● Input data
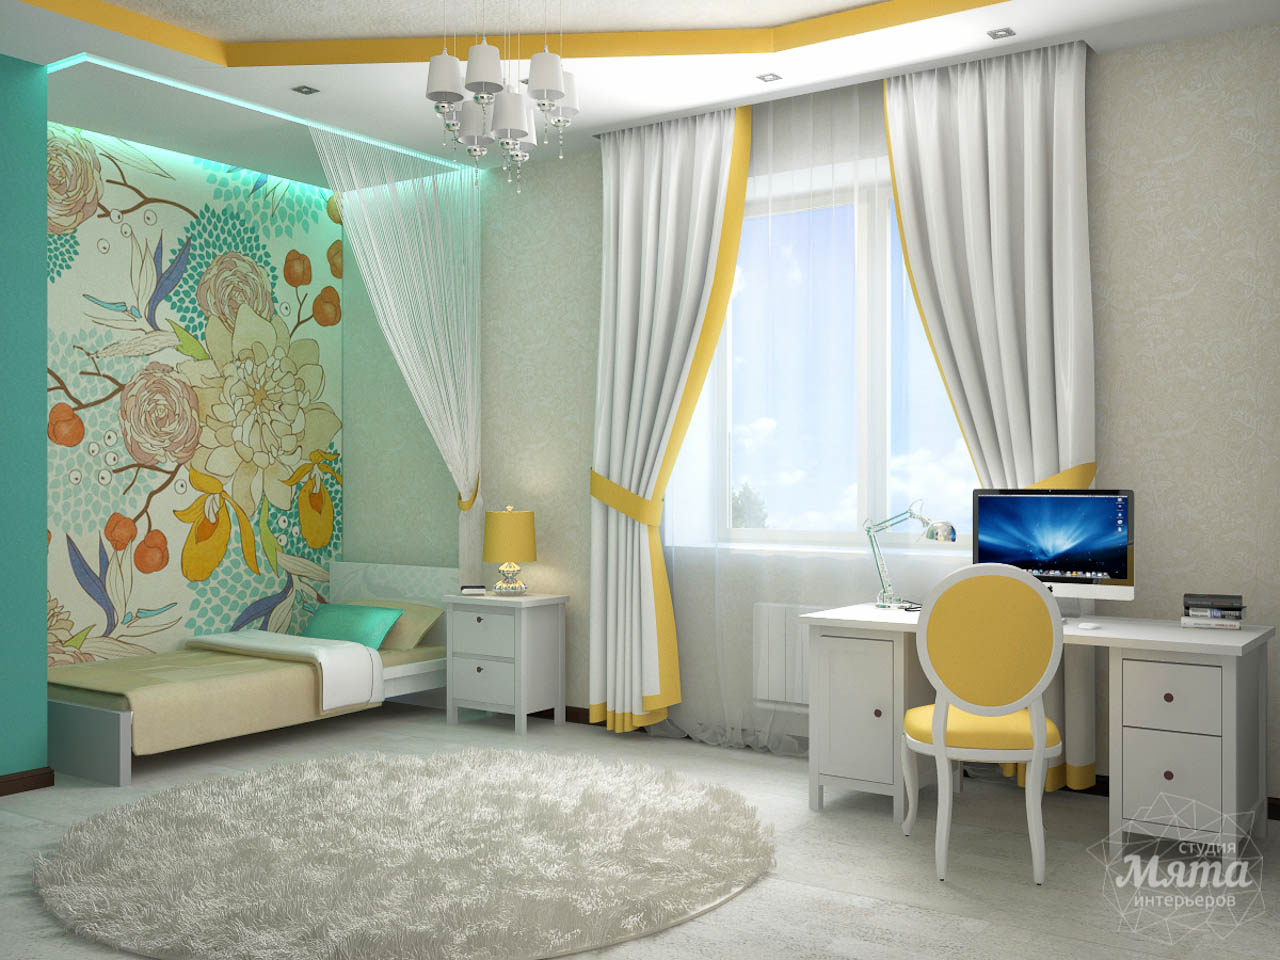 Дизайн проект интерьера коттеджа  в стиле минимализм по ул. Барвинка 15 img766958463
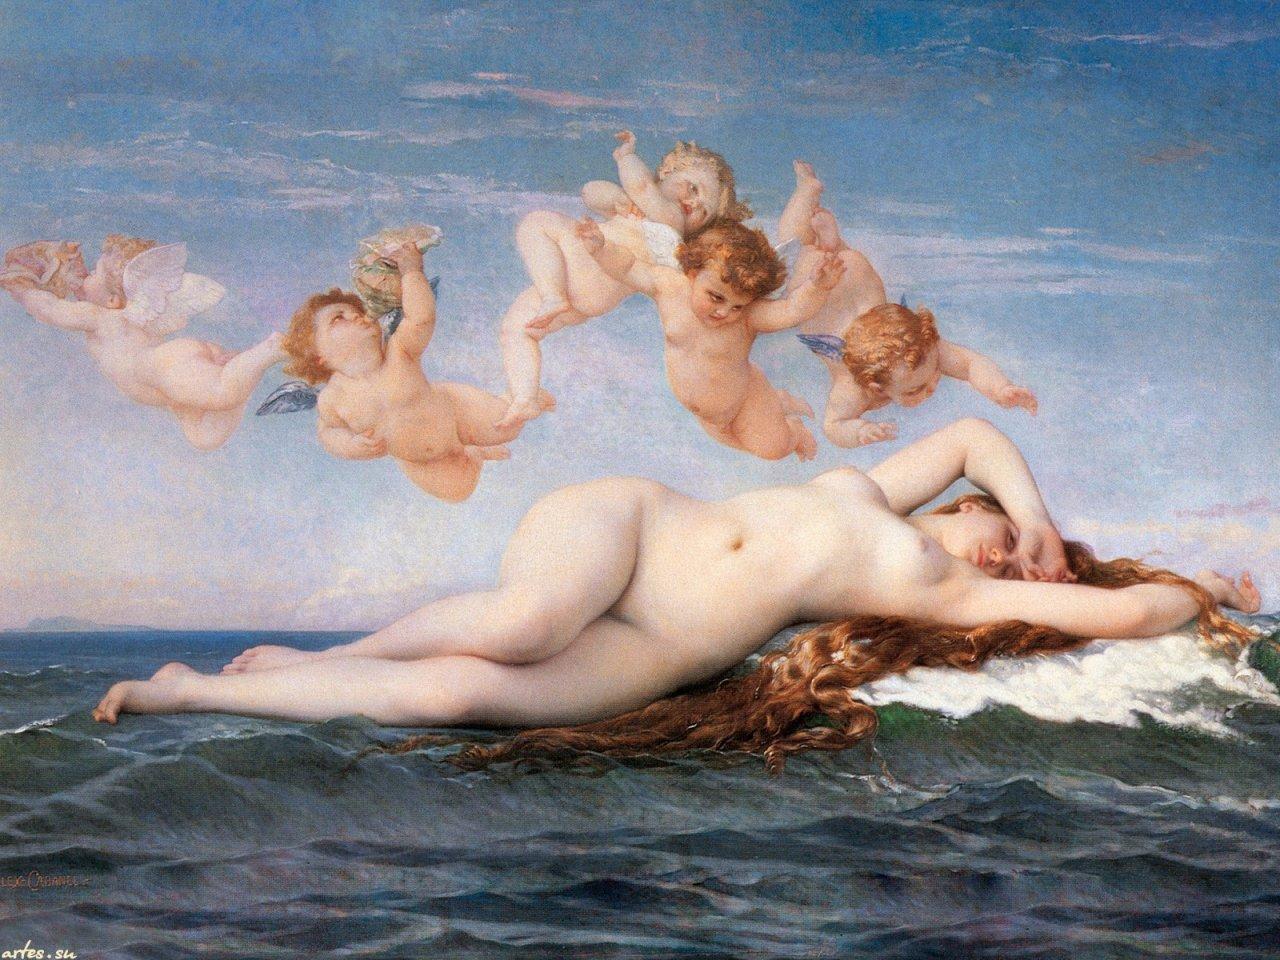 Афродита - богиня желания (1997)
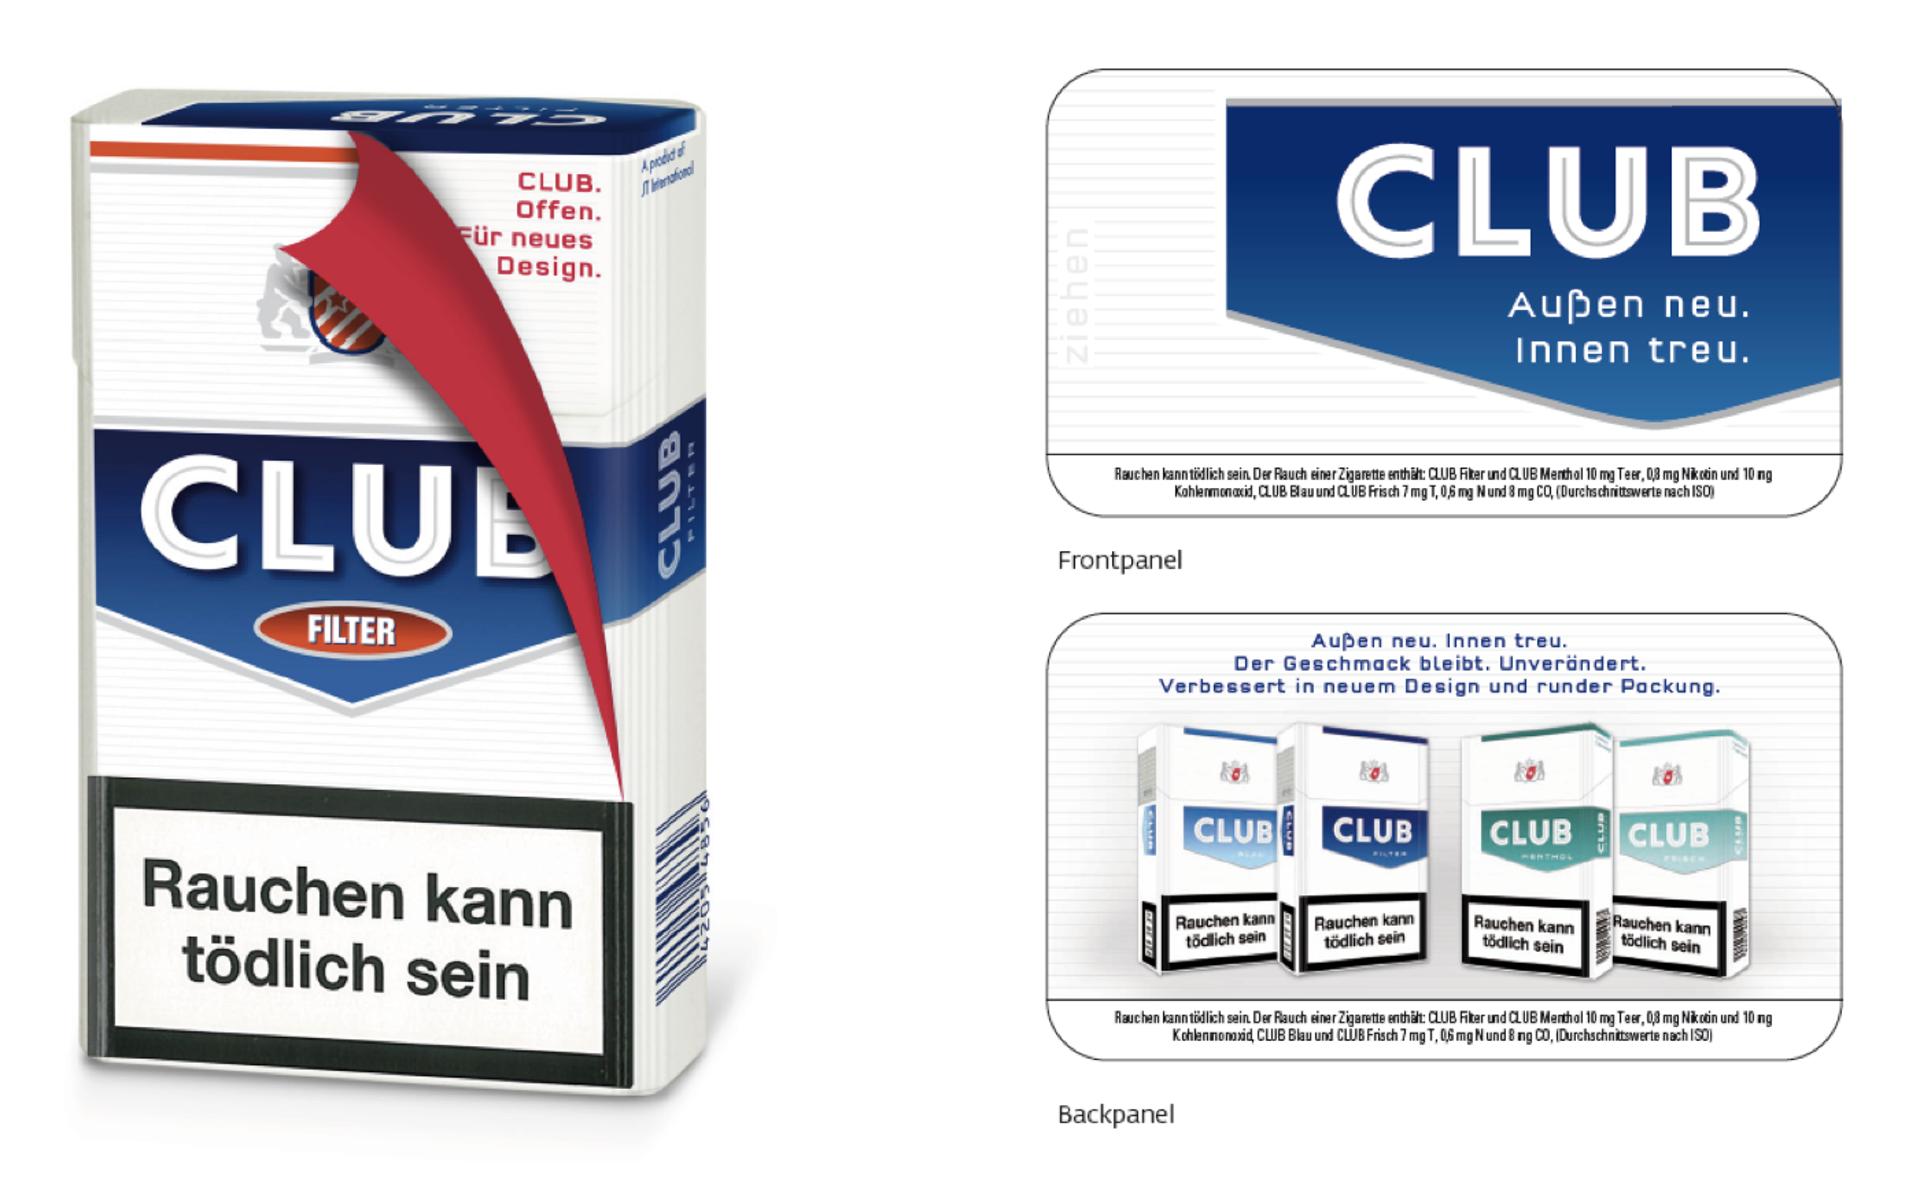 Palis & Mohrmann GbR - CLUB
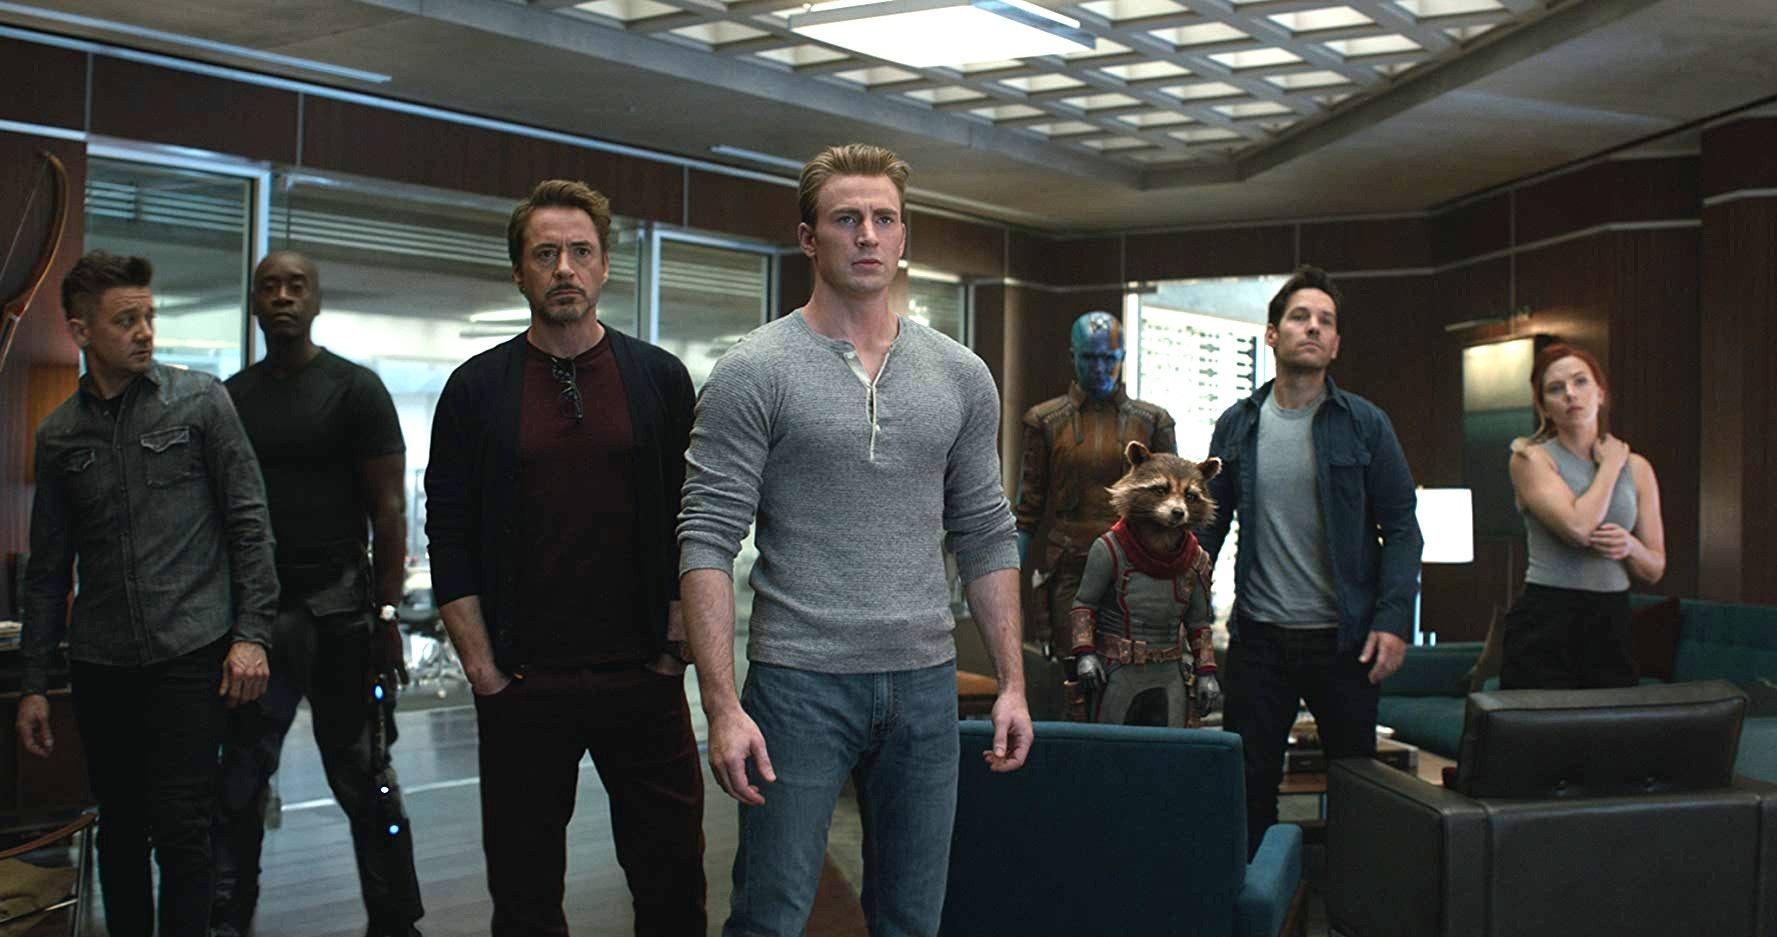 Still of Hawkeye, Rhodey, Iron Man, Captain America, Rocket, Nebula, Ant-Man and Black Widow in 'Avengers: Endgame'

● Assigned task
Working from the lines above, reproduce the material exactly and exclude its pictures.

● Output of the task
 Дизайн проект интерьера коттеджа  в стиле минимализм по ул. Барвинка 15 img766958463
 Афродита - богиня желания (1997)
 Palis & Mohrmann GbR - CLUB
 Still of Hawkeye, Rhodey, Iron Man, Captain America, Rocket, Nebula, Ant-Man and Black Widow in 'Avengers: Endgame'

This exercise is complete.